Meghan Markle seems to see herself as a ‘victim’. Had she called herself a victima in Rome, it would have been a matter of some surprise, since the ancients used that image solely with reference to animals for sacrifice. But our ‘victim’ is used as if one genuinely were as helpless as a victima.
Ancients would have none of that. In place of our ‘victimhood’, they used words like ‘wronged, betrayed, worsted, dishonored, neglected, injured’. Even the classical terms for ‘suffer’ meant at root ‘undergoing/enduring an experience’ of some sort. Ancients, then, were not for relapsing into supine self-pity, but for taking action against the humans who had wronged them. The soap-Oprah interview certainly did that.

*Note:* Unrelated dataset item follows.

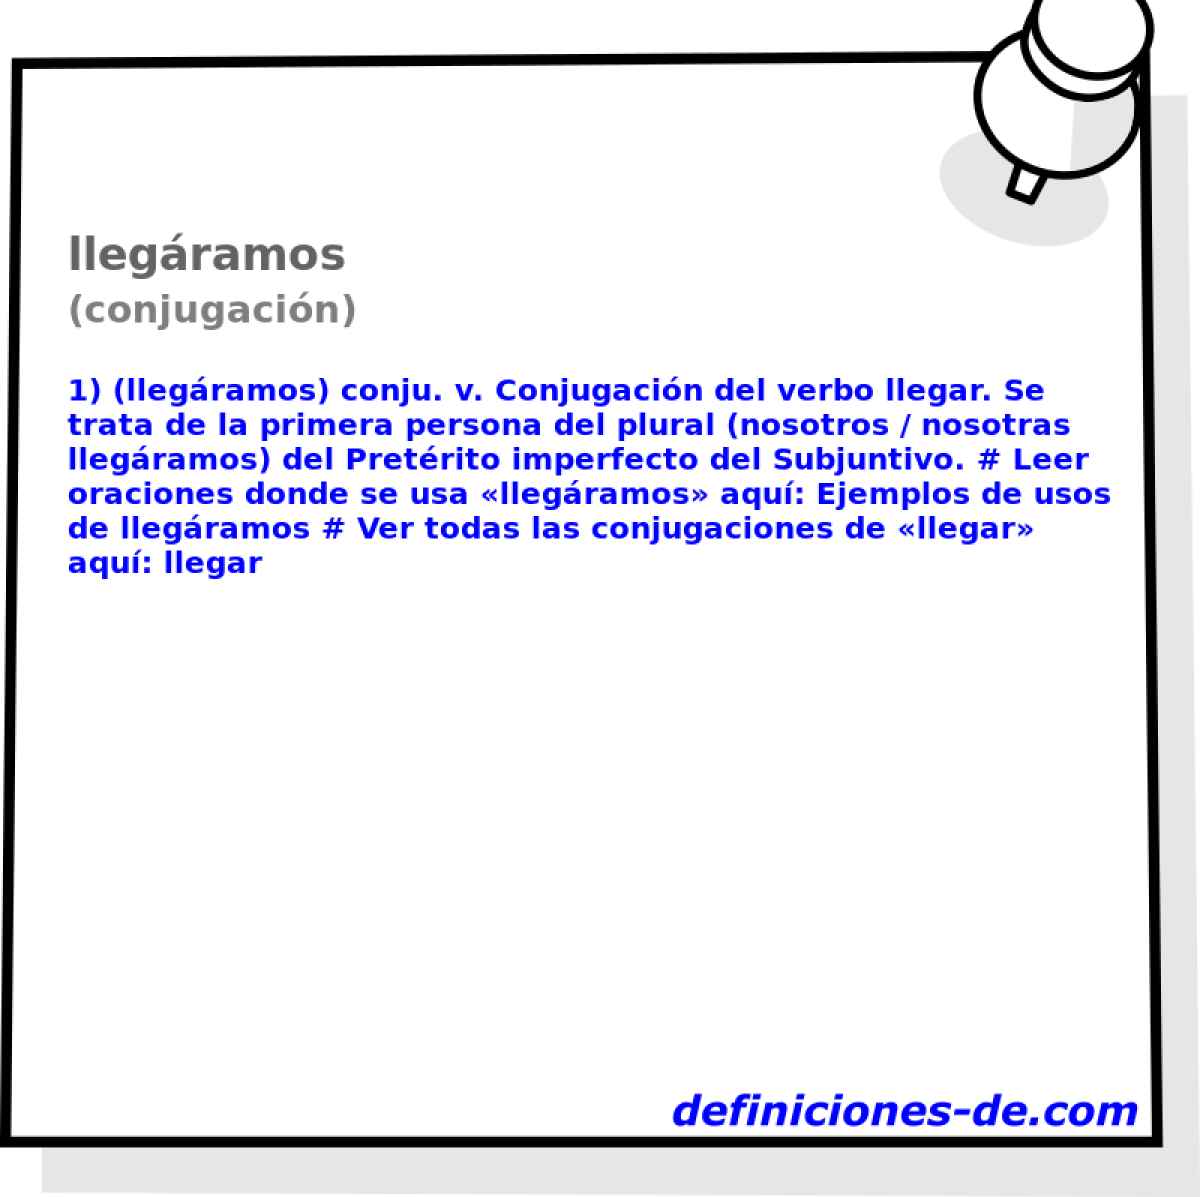 llegramos (conjugacin)

Whence, then, that sense of ‘victimhood’? Ms Markle made it clear that it was down to the palace’s unfeeling treatment of her that led to her mental health problems. Here the Stoic philosopher Epictetus (d. c. AD 135) comes in. He argued that mental problems — e.g. feeling angry, depressed, frightened, disgusted — arose from the way you thought about them. And the way you thought about them was ‘up to you’: your own thoughts were the single thing you had the possibility, and so the responsibility, to control. So he might have analyzed her situation as follows:
‘As an actress, Ms Markle, you live for fame — the more famous you become, the richer, and so the more in control of your future. But you cannot control your future. As my writings make clear, the only things you can control are your opinions, interests, desires, and dislikes; you cannot control your reputation, or make people obey you. Presumably you saw marrying a prince as a means to your desired end. But then it turned out that the palace was in command, royal fame far greater than yours, and you but a bit-part, and under their orders too. Mentally distraught at not being the star, but just casting your starlight on them, you stormed off the set, taking with you the poor besotted Harry. But that decision was “up to you”, i.e. your responsibility. No one, not even you, can be a victim of their own decisions’.